REQUIREMENT:
Write the data out again exactly, with no pictures.

DATA PROVIDED:

- Opening Delimiter -

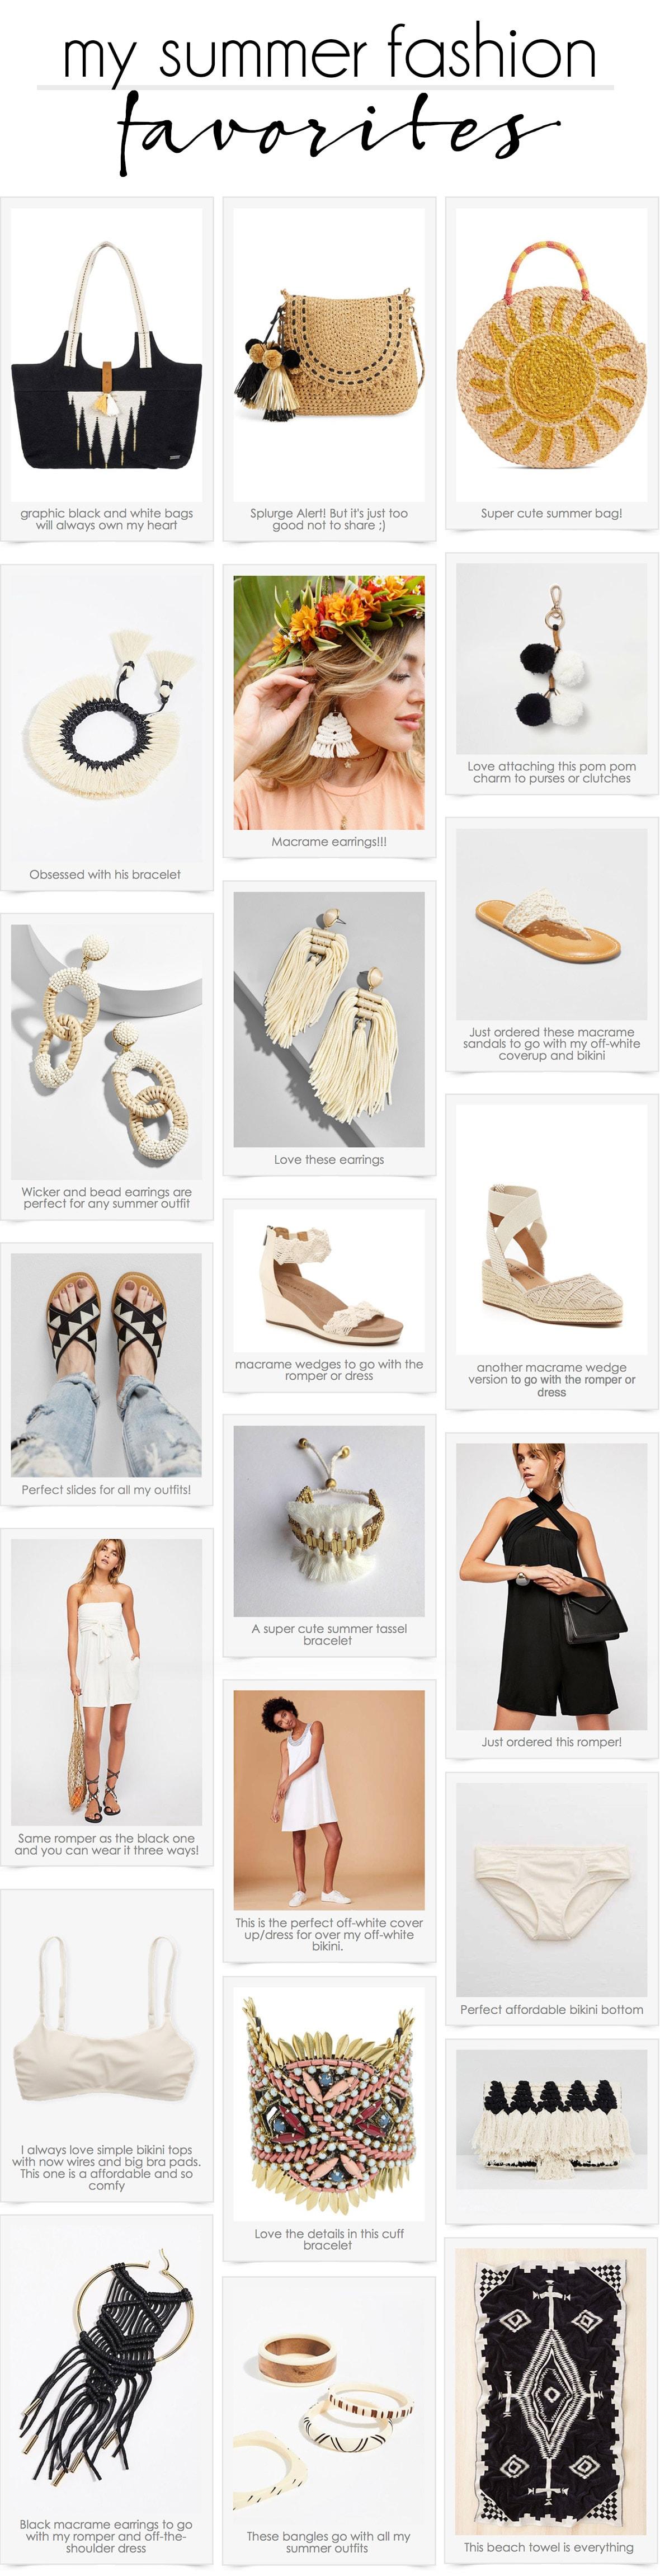 summer fashion favorites | summer handbags | summer jewelry | macrame flip flops | macrame wedges | black and white fashion #fashion #summerfashion
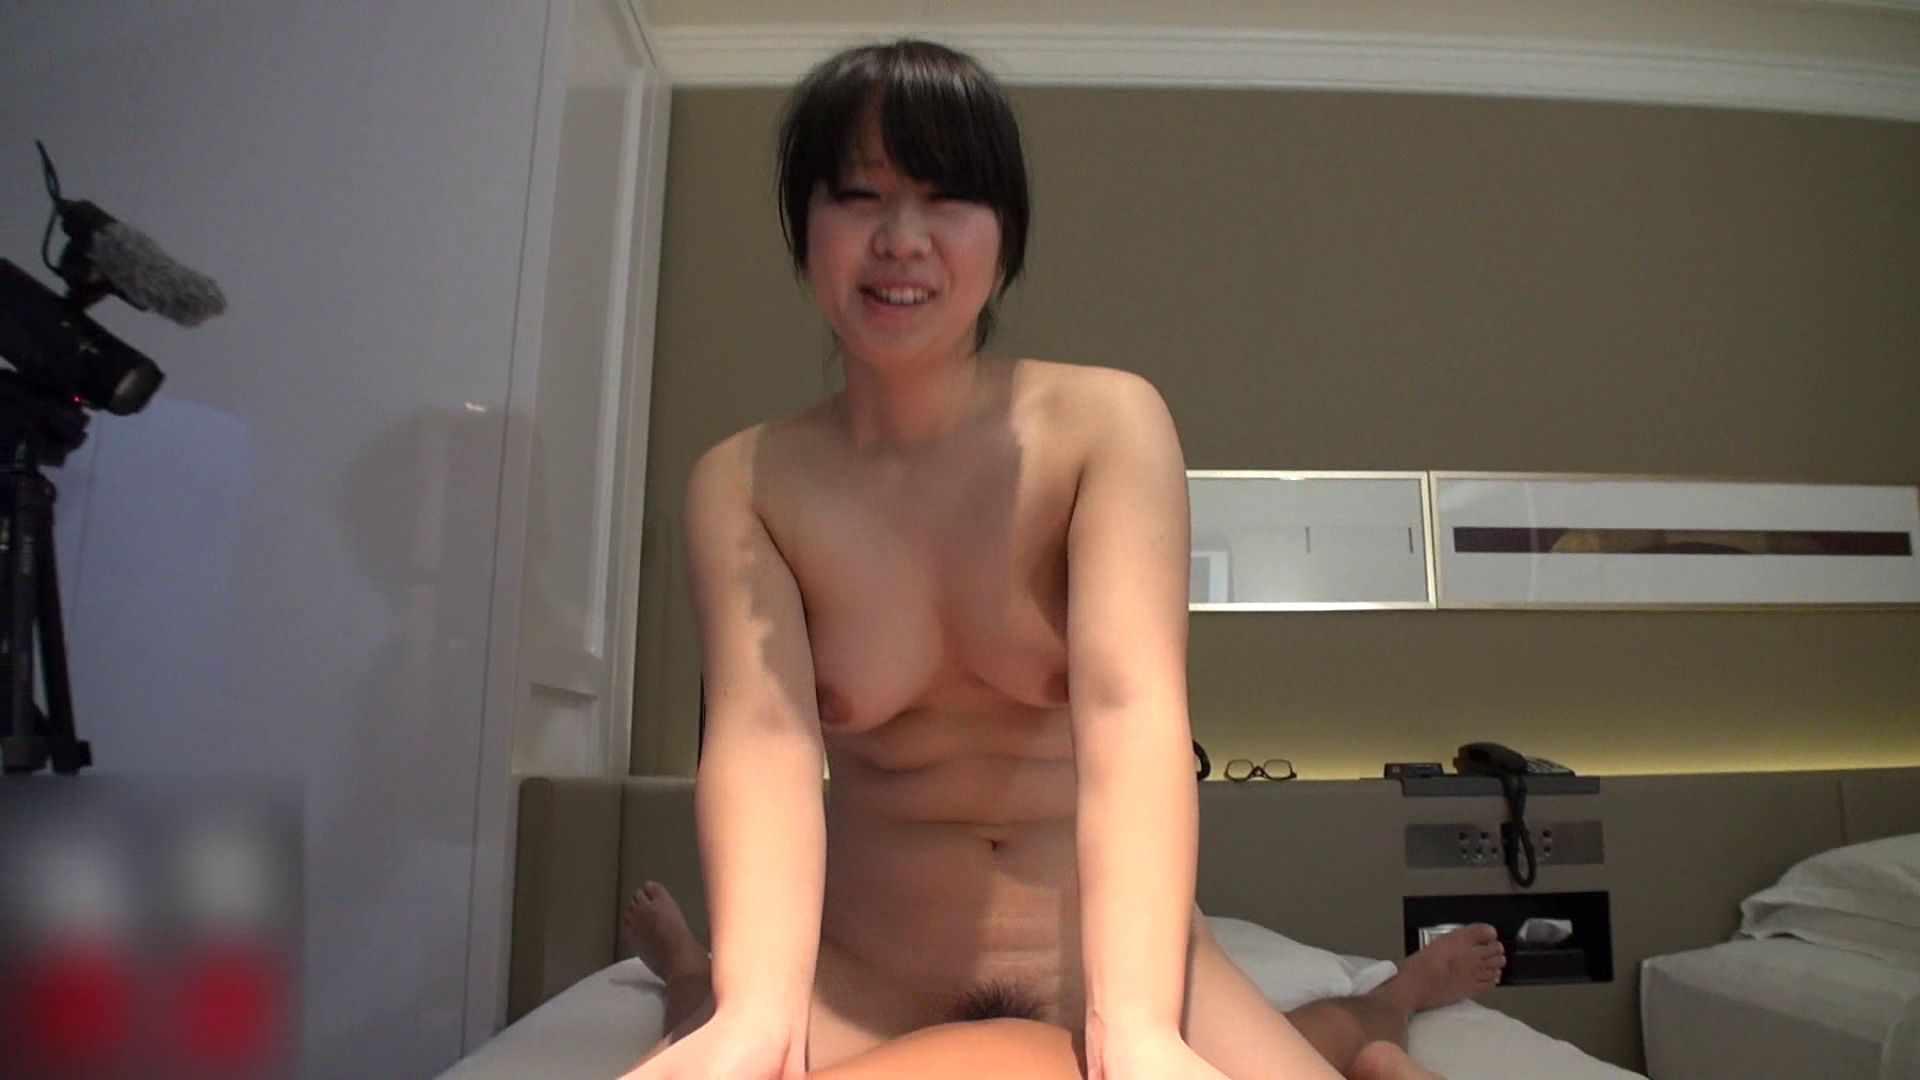 S級厳選美女ビッチガールVol.39 後編 エッチなセックス  102画像 78
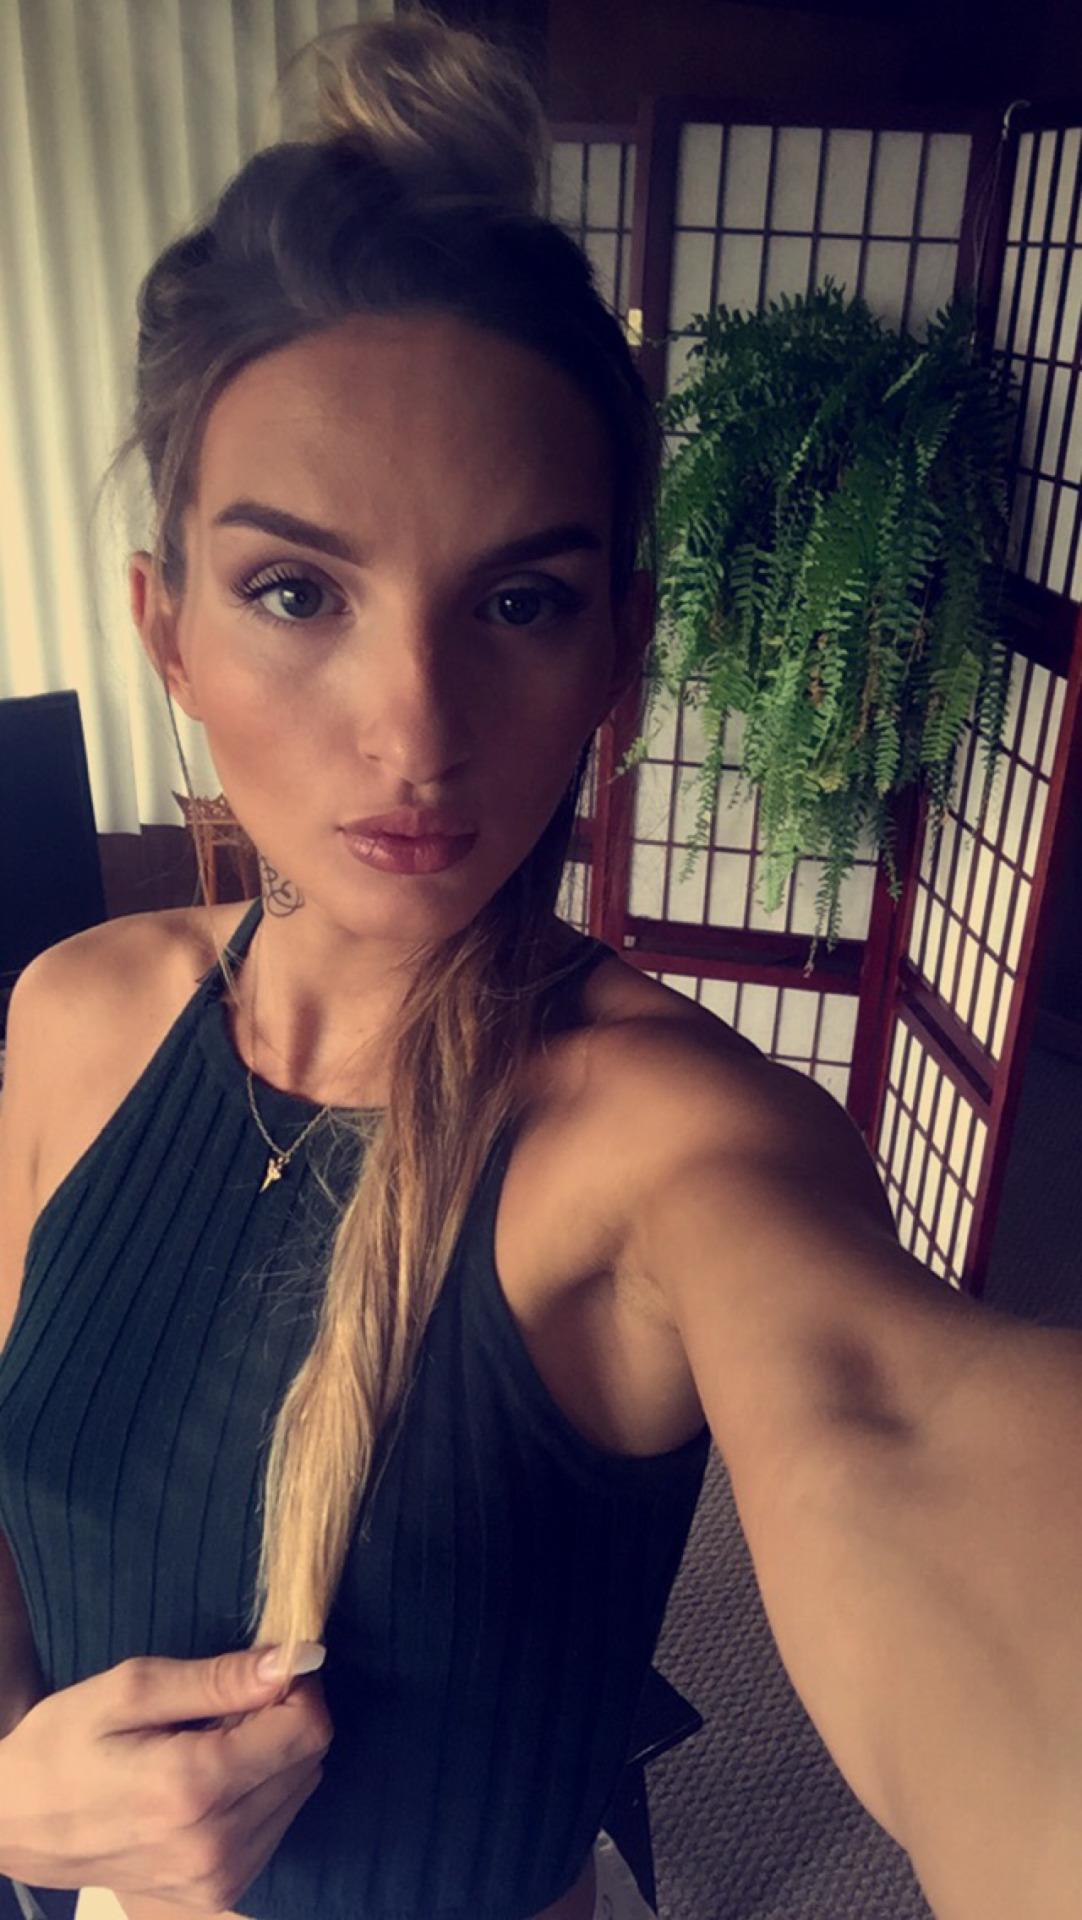 selfie sexy de fille du 56

- Closing Delimiter -

ANSWER TO THIS PROBLEM:
 summer fashion favorites | summer handbags | summer jewelry | macrame flip flops | macrame wedges | black and white fashion #fashion #summerfashion
 S級厳選美女ビッチガールVol.39 後編 エッチなセックス  102画像 78
 selfie sexy de fille du 56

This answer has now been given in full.